Some part of her wants to tell her, really does, but a bigger part still has trouble with the idea of opening up to the woman she’s spent so long trading blows with. It was easier to trust her when she thought the world was going to end. What is she supposed to do, now that it didn’t?

The sort of trust that means freedom to choose— to allow herself to make an emotional choice, not a rational one— well, that’s not something she’s had a lot of chances to practice. And as a rule, she generally avoids things she’s not very good at. 

 

And yet… 

 

Raya speaks, finally, with her back to Namaari— it’s the only form of trust she can manage right now— and hates how her voice wavers. “Do you want to help me with s-something?” 

There’s a long pause.

She expects to hear the sound of retreating cat paws, or perhaps feel the slice of a knife between her shoulder blades. Stop it, she thinks firmly. You know she wouldn’t— Namaari steps up beside her, leaving plenty of space and avoiding her eyes. Raya is immensely grateful; the liquid pooling there would be nearly enough for Sisu to backstroke through.

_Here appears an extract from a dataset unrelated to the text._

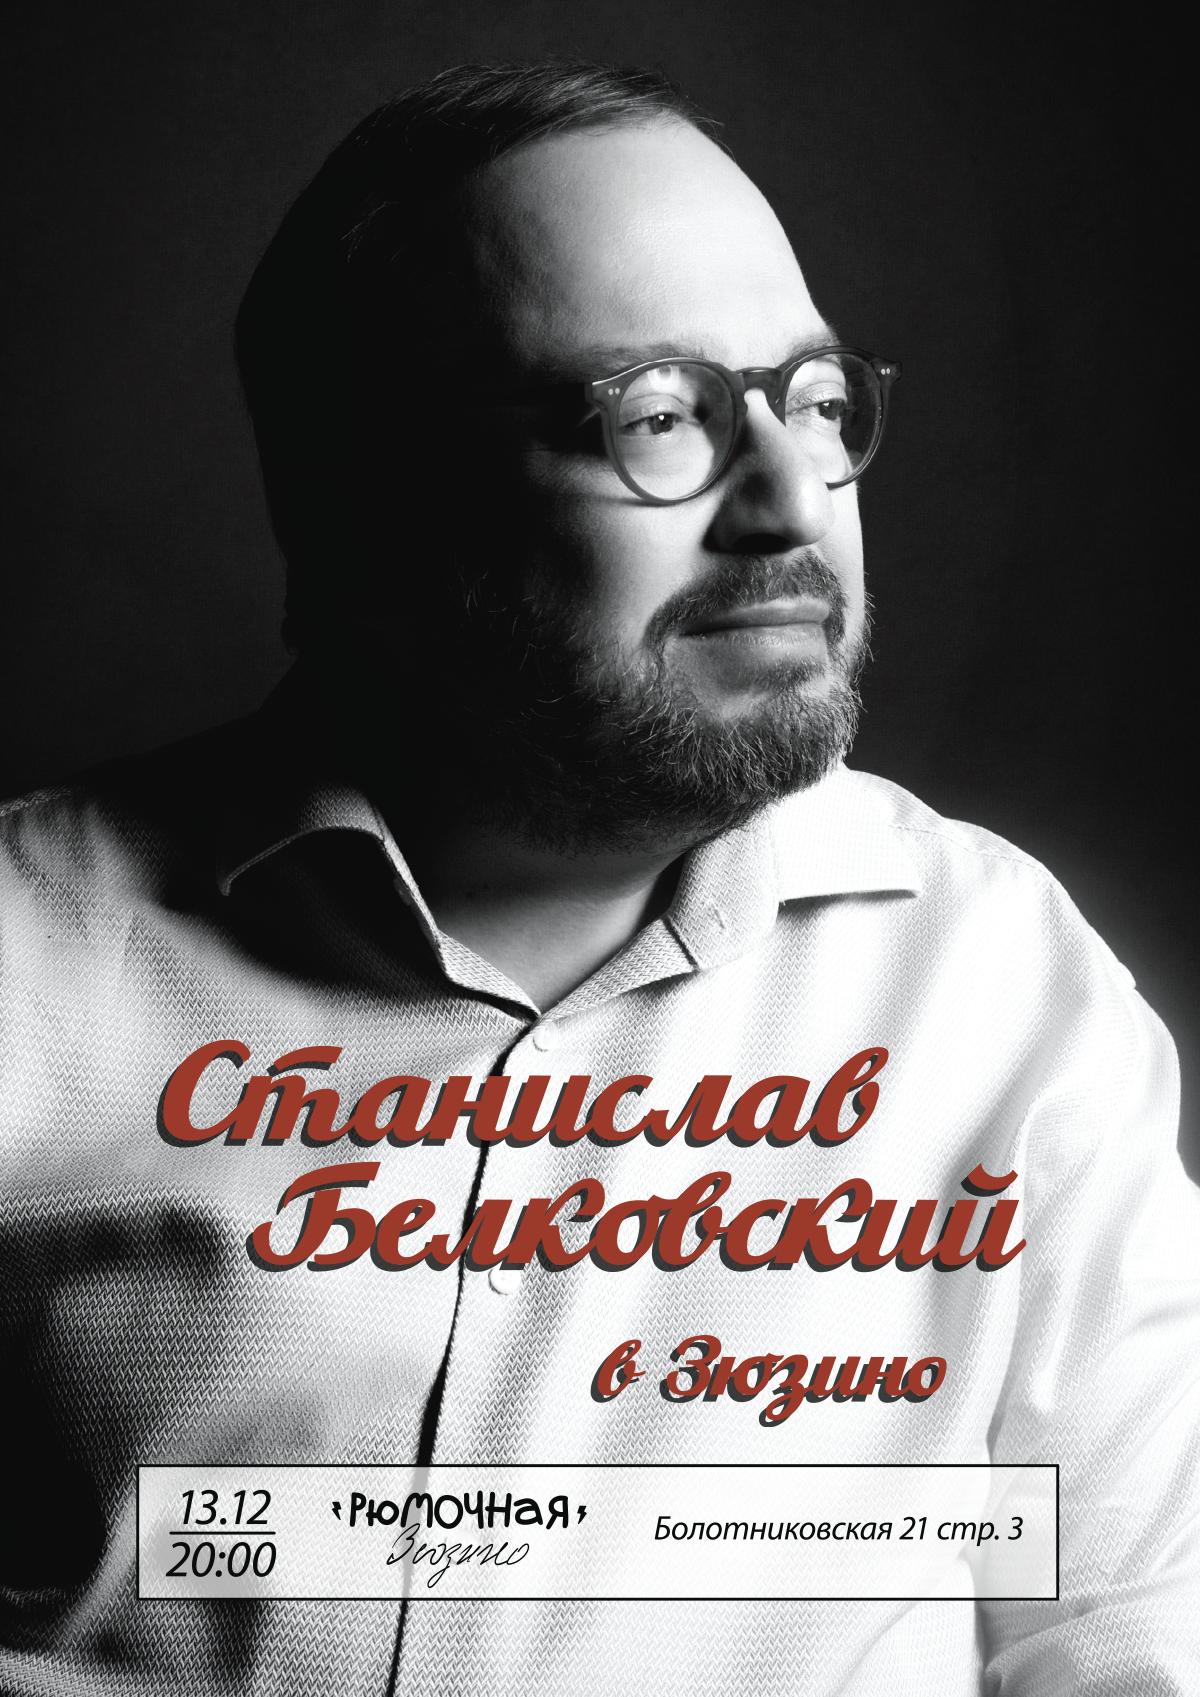 Станислав Белковский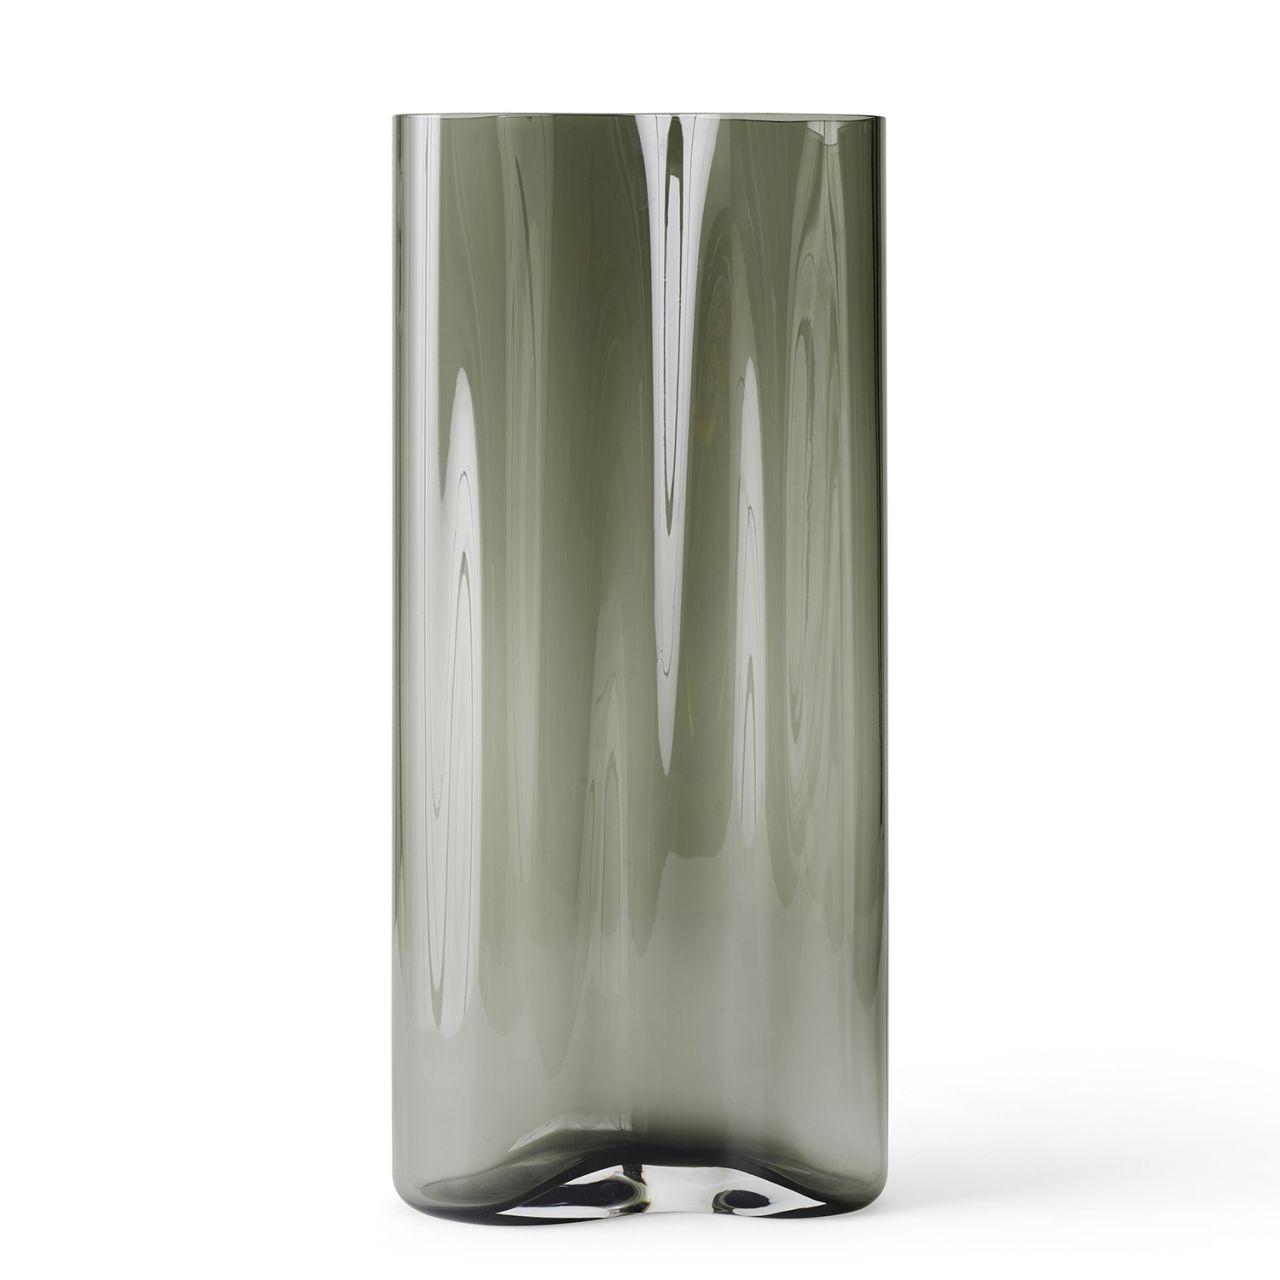 menu - Aer Vase 4737949

The Fang princess peers over the cliff’s edge and says lightly, “What kind of trouble are you in today, Raya?” 

Raya lifts one shoulder nonchalantly and grins. “Oh you know, chasing down a magical flower. Typical day for me, really.” 

“Oh?” Namaari teases, falling easily into the safe and familiar dynamic. She traces the line of Raya’s finger to the flower below. “I didn’t take you for the type of girl who does that sort of thing.” 

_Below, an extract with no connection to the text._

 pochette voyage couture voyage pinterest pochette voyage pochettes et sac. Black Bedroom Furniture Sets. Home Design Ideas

“And what ‘sort of thing’ is that, exactly?” she challenges, hands on her hips. 

“Drugs?”

“Namaari!” Raya punches her bicep, feeling the unyielding resistance beneath her knuckles. The other woman laughs, full-bodied and echoing, her sharp canines flashing in the sun. An embarrassed blush creeps to Raya’s cheeks and for a moment she forgets how to breathe; she hasn’t heard Namaari laugh like this in— well. She persists, “It’s for making tea!”

“Right. Obviously. Magical tea.” Namaari says solemnly but she’s fighting back a smile. “I suppose stranger things have happened. How can I help?” 

“The rope won’t reach if I tie it to a tree,” Raya explains, gesturing to the nearest one, which is unceremoniously being used as a scratching post by Namaari’s serlot. “I was thinking you could brace yourself against the rocks here,” she points to a spot near the edge, “and lower me down. That is, if those muscles aren’t just for show.” 

Namaari scoffs. “Fang warriors are trained to lift their serlots from day—” Raya bites her lip to contain a giggle and Namaari’s eyes narrow. “Give me the rope, dep la.” 

Getting Raya down to the ledge goes off without a hitch. Her feet easily find purchase in the bare roots and rocks, and she only stops once when she glances up and accidentally gets an eyeful of Namaari’s arms straining under Raya’s weight. “What are you waiting for?” she grits out from above, and Raya hastens down the last few feet. 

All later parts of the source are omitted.